* WHAT IS BEING ASKED *
Begin with the line below holding "A serene illustration" and go on through the line holding "Inspirational love quote", duplicating each line exactly and leaving out pictures.

* RECORD EXCERPTS *

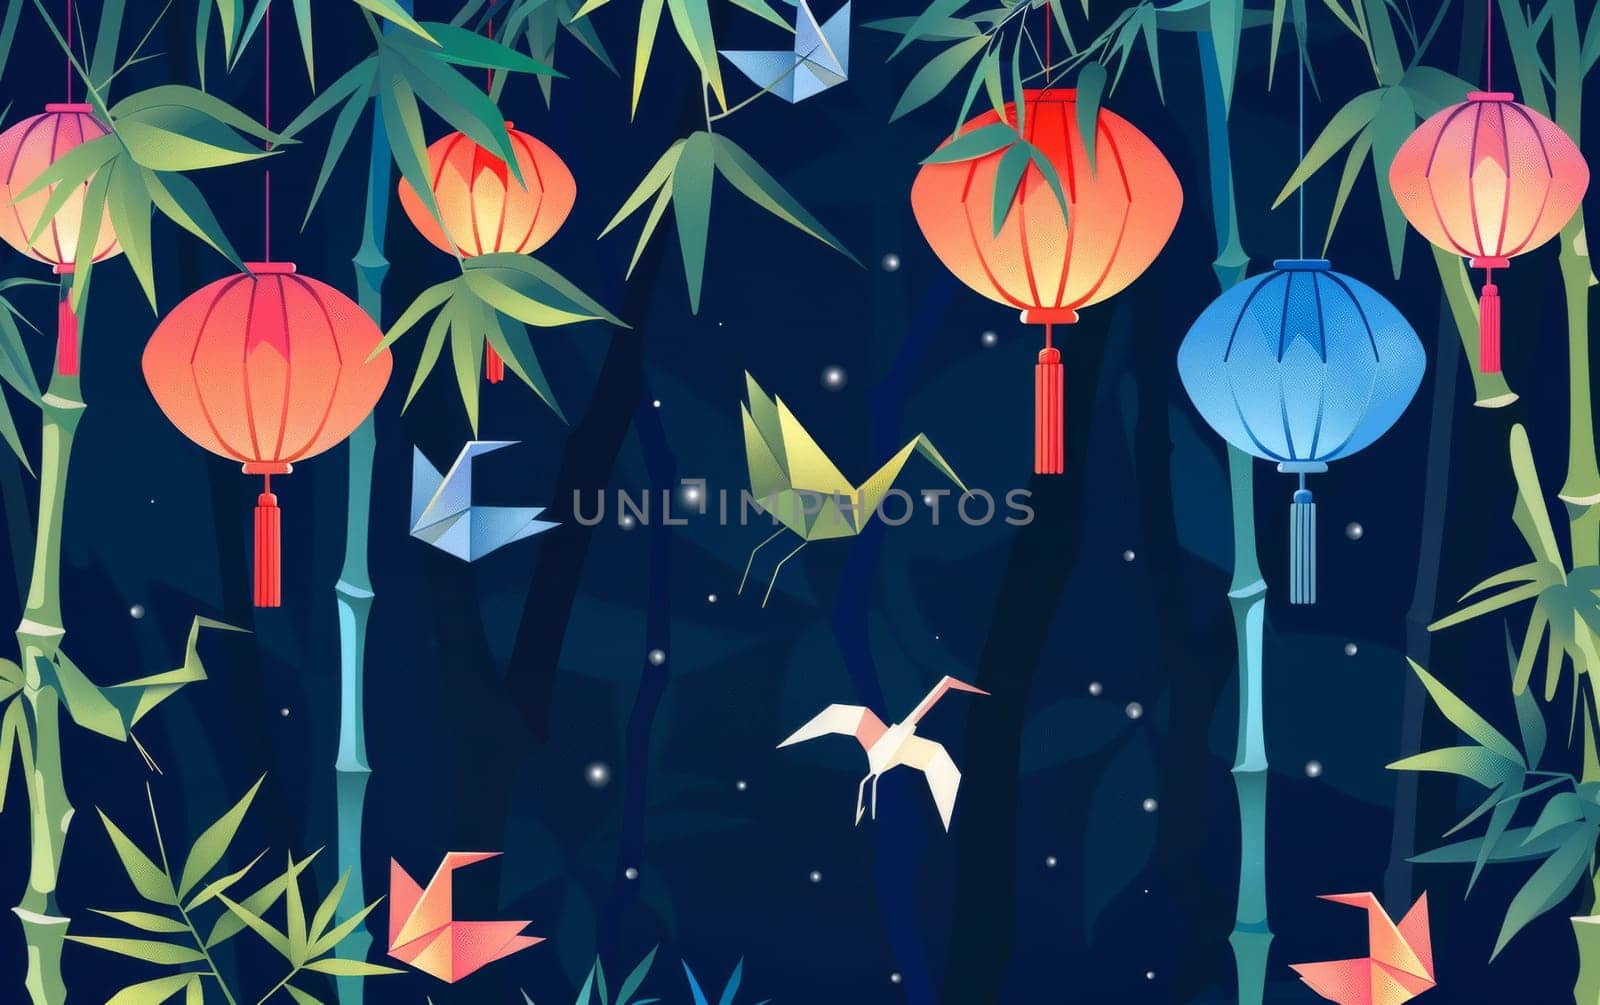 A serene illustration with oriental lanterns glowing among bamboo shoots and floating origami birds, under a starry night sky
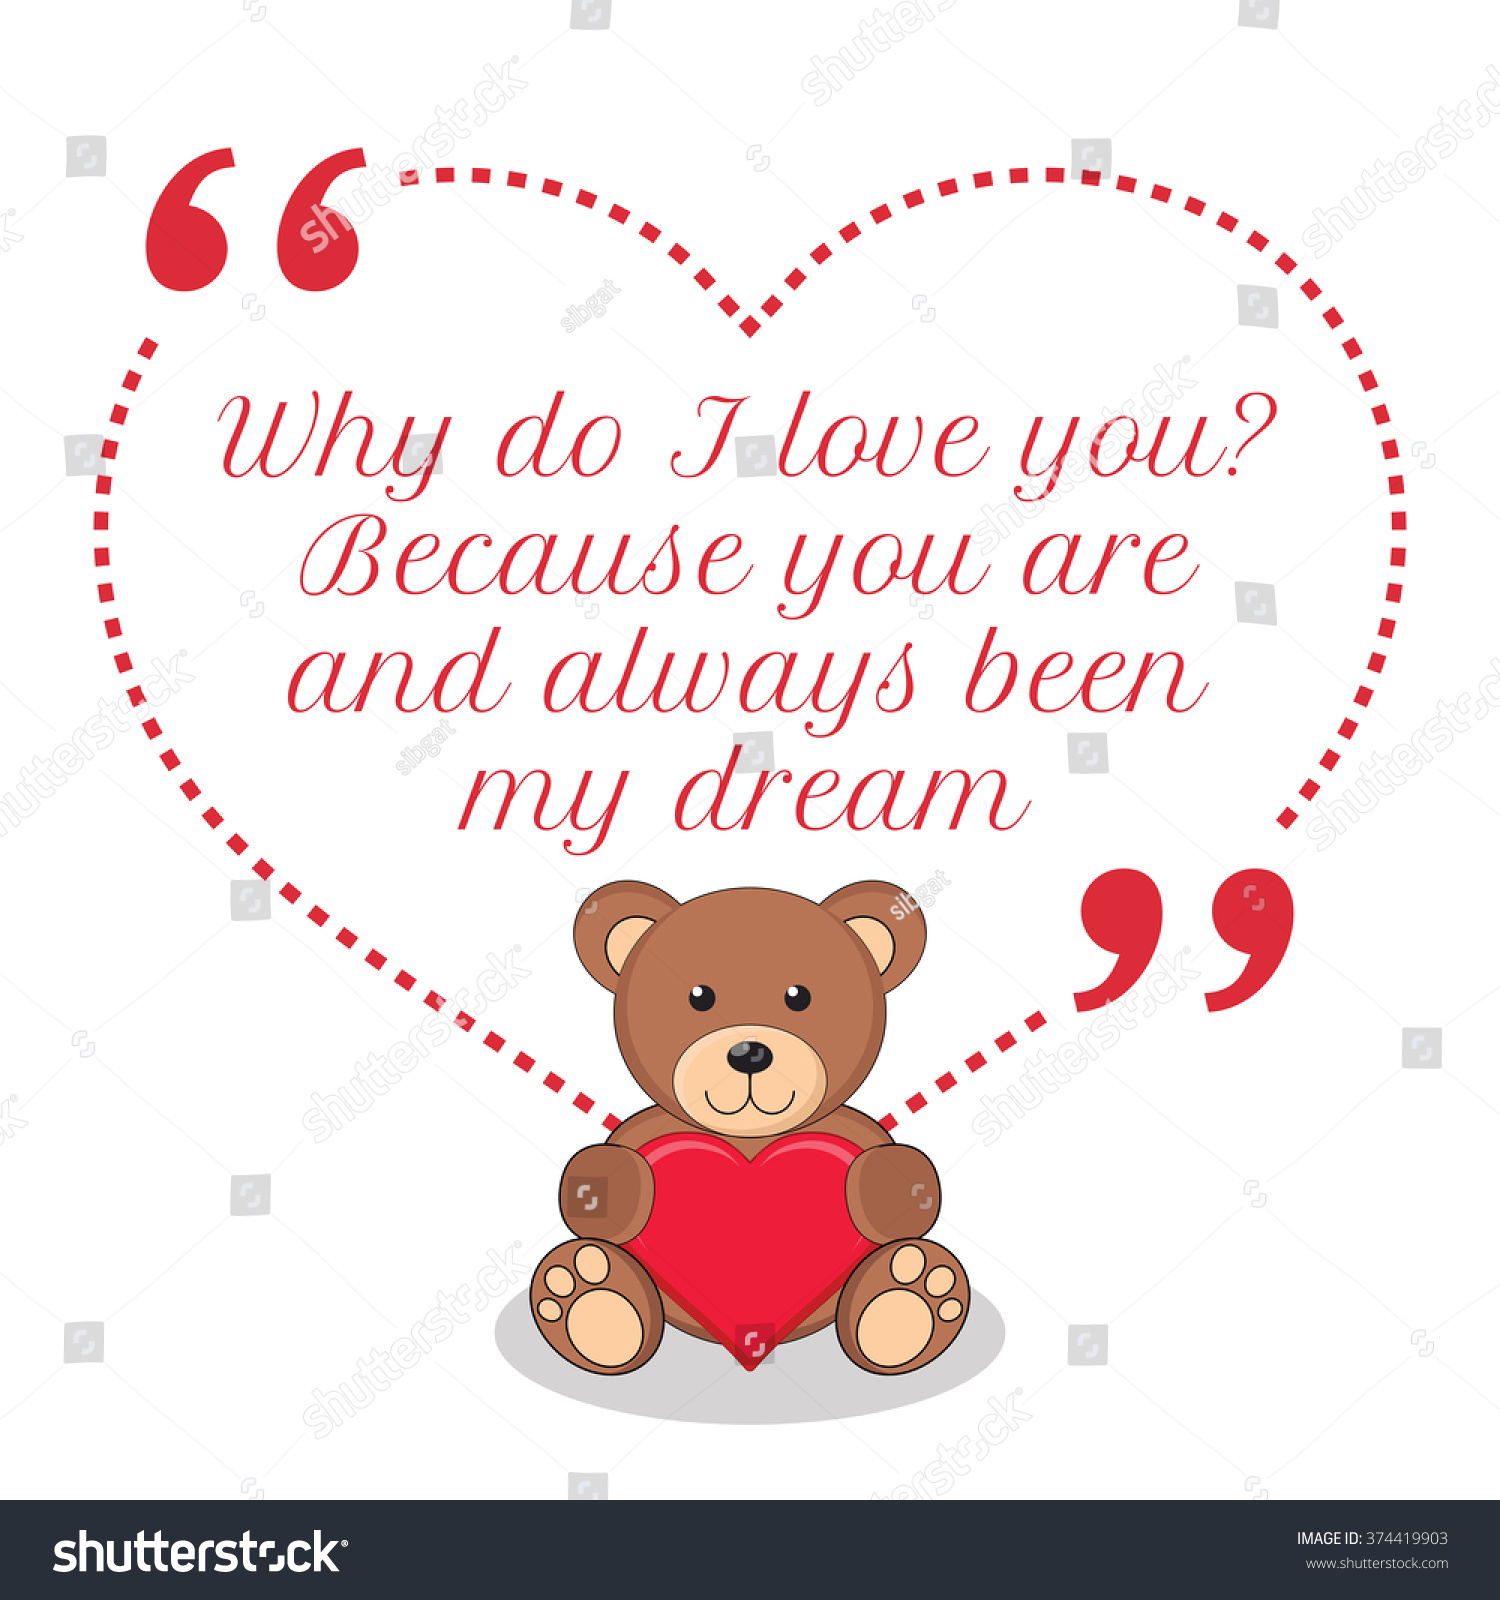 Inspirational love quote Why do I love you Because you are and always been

--

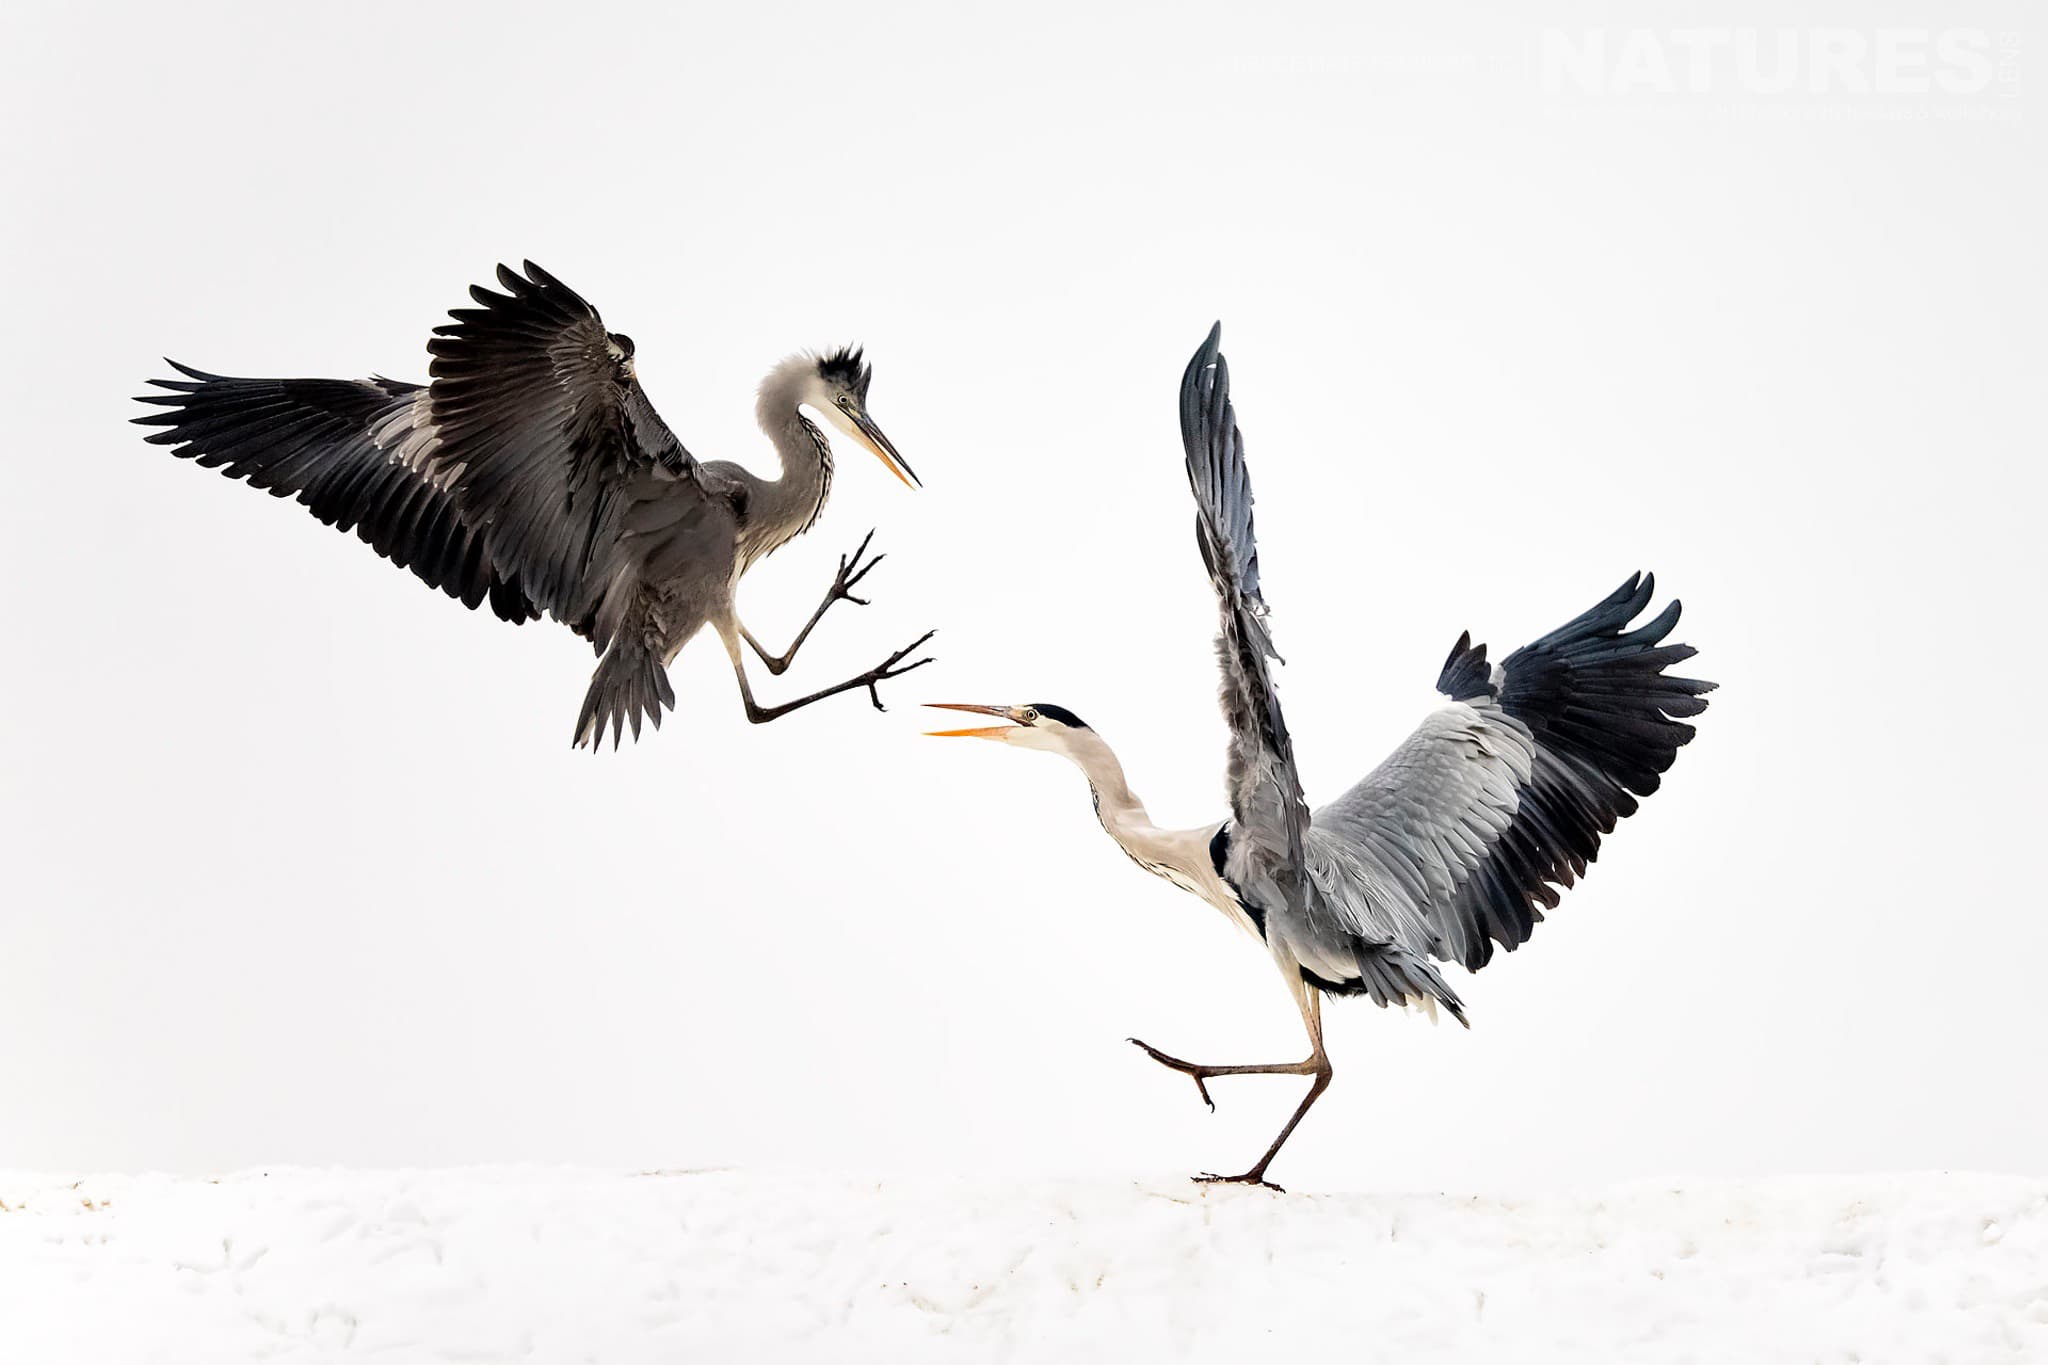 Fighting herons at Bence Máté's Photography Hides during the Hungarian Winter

* SOLUTION FOR THIS TASK *
 A serene illustration with oriental lanterns glowing among bamboo shoots and floating origami birds, under a starry night sky
 Inspirational love quote Why do I love you Because you are and always been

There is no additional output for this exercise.